1. We will use header based pre-deserialisation filters, and
2. SeekToCurrentErrorHandler.
Add a “Retry” key to header with the consumer-name mapped to it, to later assert and process the message only if pre-deserialisation filter confirms its a retry message and the consumer-name equals to the name of the current consumer. - There could be a chance that your consumer successfully processed the message and before it could commit the message, the consumer failed. This will eventually lead to your message getting re-delivered on restart. Solution has not been tried or tested. It’s a hypothesis.
You can use scalable bloom filters for this.
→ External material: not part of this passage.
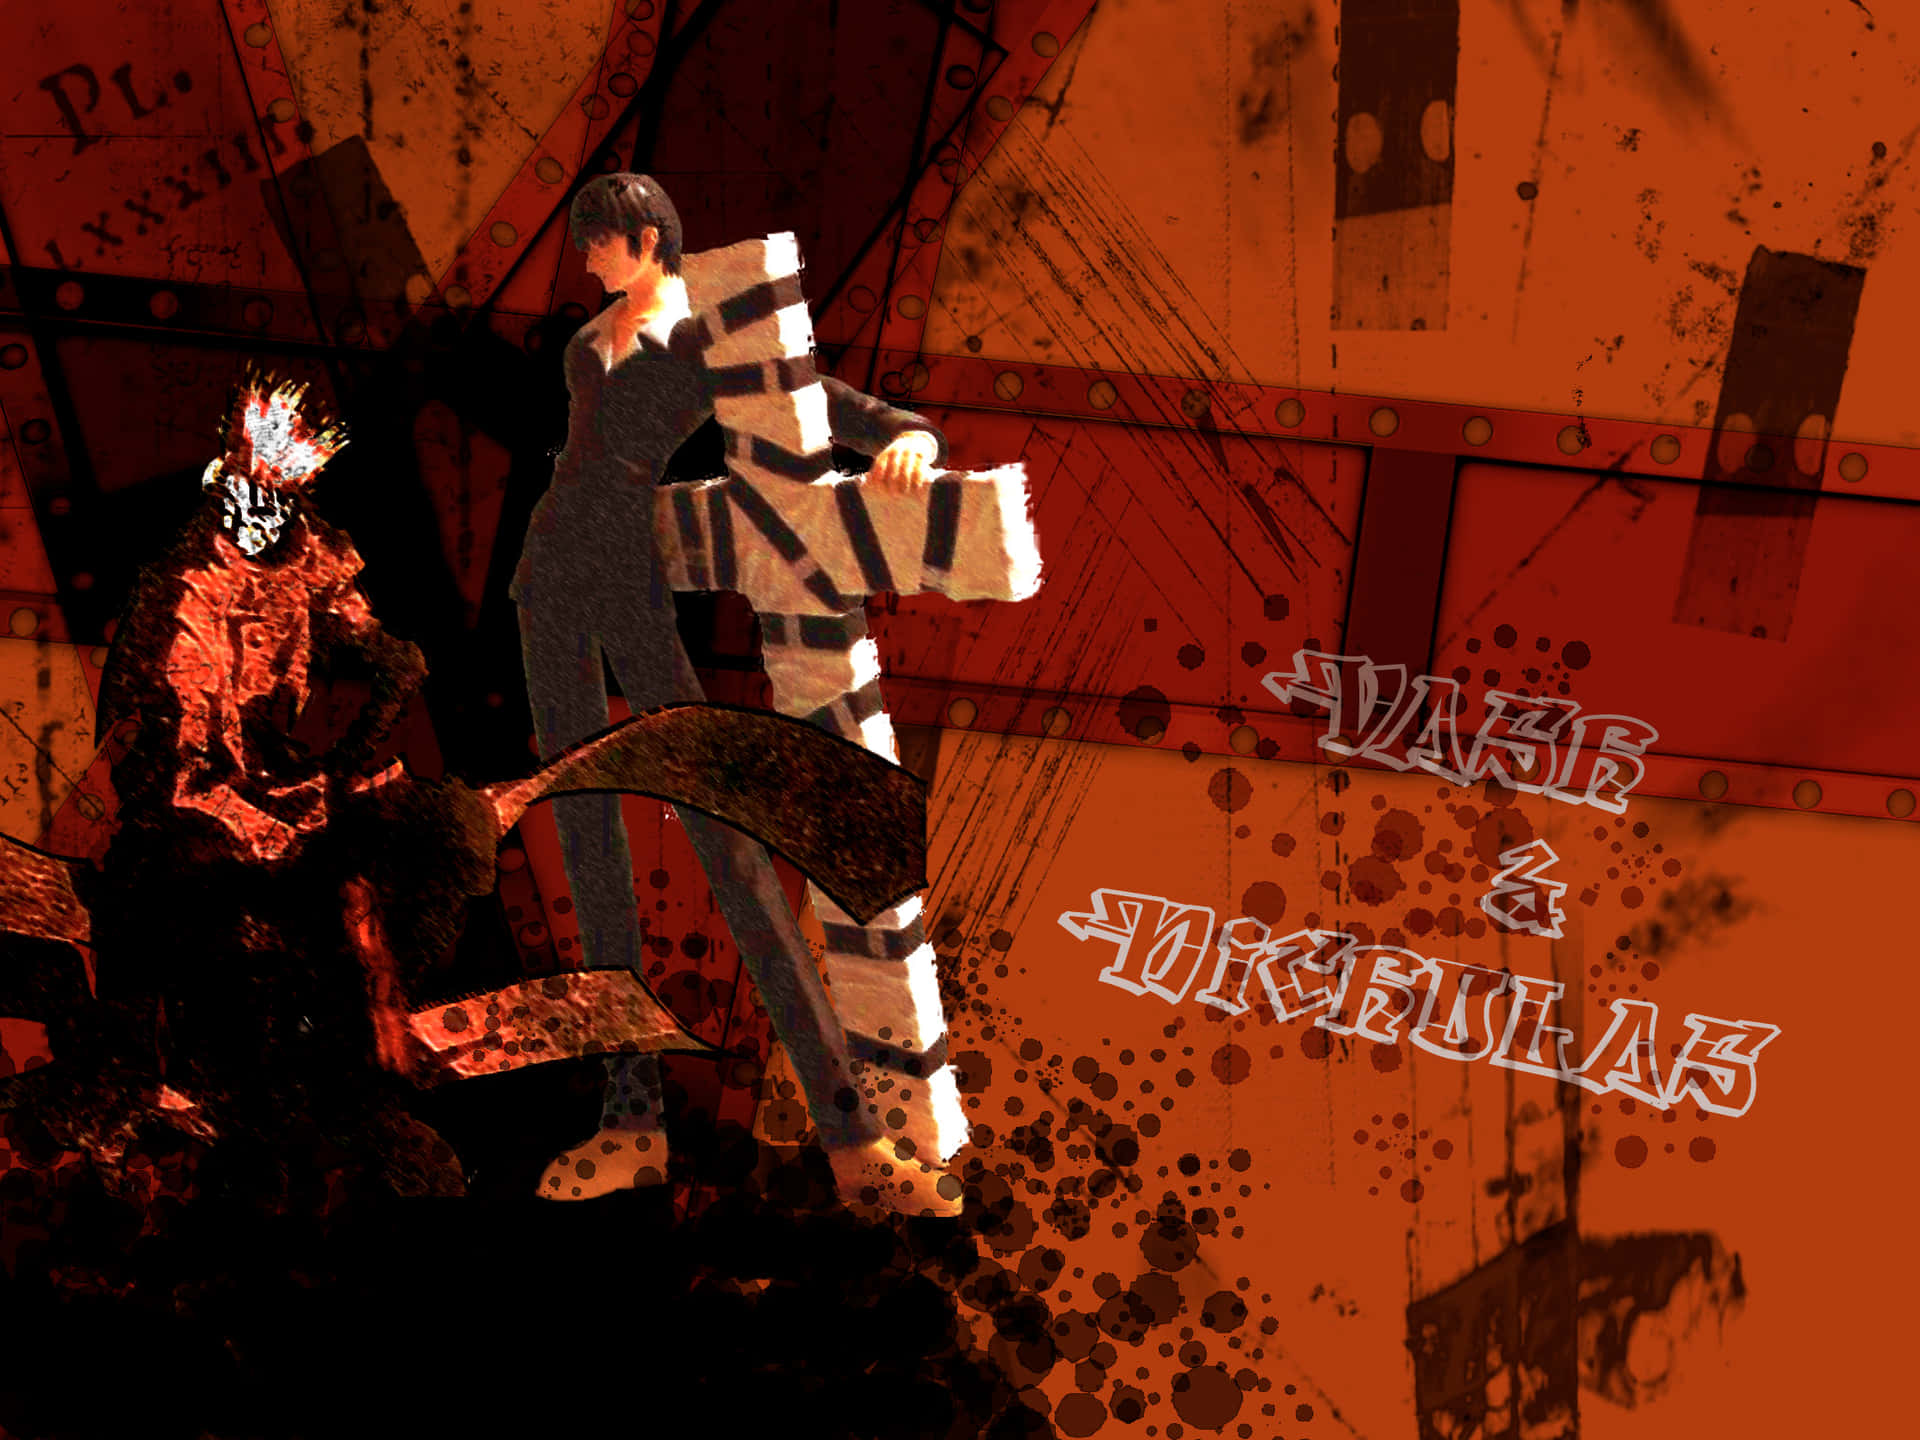 Nicholas D Wolfwood with his Cross Punisher in a dramatic pose Wallpaper

You can use pre-deserialisation filters again to identify if the message ID(a key that can be part of header) was previously consumed or not. Bloom filter can be used to assert this, if the bloom filter says false, its confirmed that message was not processed, however, if the BloomFilter says true, it could be a false-positive, for this a persistence store based assertion can be done, if the message has been consumed earlier or not.
However, for this work, you will have to maintain two states, one as soon as the message processing starts, which tells message was received but not processed, and another after the processing has been done, which confirms the message was processed. Make sure, you commit your processing and the after-processing-state ad part of a transaction in the persistence store for this to work.
Also, scalable bloom filters brings added cost, resource and troubles. You might have to tune the False-Positive percentages.